De "Human Bomb" à Coulibaly, six assauts marquants du GIGN et du Raid

De "Human Bomb" à Coulibaly, six assauts marquants du GIGN et du Raid
FAITS DIVERS

TERRORISME - L'unité d'élite la plus célèbre de France avec le GIGN fête ses trente ans ce vendredi. L'occasion de se rappeler ses principaux faits d'armes. Retour sur six d'entre eux, de Human Bomb à la prise d'otages de l'Hyper Cacher.

Ce vendredi 23 octobre 2015 marque les trente ans de l'unité Recherche, assistance, intervention, dissuasion. Créée en 1985 par Robert Broussard, "super-flic" à l'origine de la mort de Mesrine, avec l'approbation du ministre de l'Intérieur de l'époque Pierre Joxe, elle s'est spécialisée dans la gestion des opérations à haut risque. Prise d'otages, forcenés retranchés, lutte antiterroriste ou encore traque du grand banditisme... L'unité d'élite a souvent été sous le feu des projecteurs.

1993 - "Human Bomb"
Le 13 mai 1993, peu avant 9h30, un homme casqué pénètre dans une école maternelle de Neuilly-sur-Seine (Hauts-de-Seine). Armé d'un pistolet et d’explosifs, il réclame une rançon de 100 millions de francs (environ 15 millions d'euros). Vingt-et-un enfants et leur institutrice sont menacés. Après d'intenses négociations, auxquelles participe activement le maire de Neuilly de l'époque, Nicolas Sarkozy, la plupart des enfants sont libérés. Le Raid intervient finalement le 15 mai 1993, peu avant 7h30, après s'être assuré, avec la complicité de l'institutrice, que "HB", épuisé, est endormi. Après 46 heures sous haute tension, les derniers enfants retenus et l’enseignante sont libérés, tandis que le preneur d'otage est abattu d'une balle dans la tête.

EN SAVOIR +
>>
Human Bomb : "Nous avons vécu 46 heures d'angoisse"
>> GIGN - Roland Montins : Portrait d'un tireur d'éthique

1994 – Aéroport de Marseille-Marignane
C'est l'un des faits d'armes les plus marquants de l'unité d'élite de la gendarmerie. Le 26 décembre en fin d'après-midi, un commando du GIGN lance l'assaut contre quatre terroristes algériens sur le tarmac de l'aéroport de Marignane, à Marseille. Le 24 décembre, ces membres du Groupe islamique armé (GIA), ont pris en otage le vol 8969 avant son décollage de l'aéroport d'Alger à destination de Paris. Vingt gendarmes se répartissent sur des passerelles face aux portes de l'appareil qu'ils font exploser pour pénétrer à bord.
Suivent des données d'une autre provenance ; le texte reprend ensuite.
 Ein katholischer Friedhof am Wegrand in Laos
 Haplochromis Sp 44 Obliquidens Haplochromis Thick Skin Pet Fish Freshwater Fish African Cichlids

L’intervention dure quelques minutes dans des conditions de dangerosité extrême à l'intérieur d'un espace confiné où sont regroupés environ 200 passagers. En quelques minutes, les quatre terroristes sont abattus grâce notamment à l'habilité du sous-officier Thierry Prungnaud. A lui seul, il élimine dès son entrée dans l'appareil un terroriste et en blesse un autre, avant d'être grièvement blessé. En tout, neuf policiers d'élite sont blessés au cours de cet assaut spectaculaire. Les passagers sont saufs. Auparavant, trois d'entre eux avaient été tués à Alger par les terroristes.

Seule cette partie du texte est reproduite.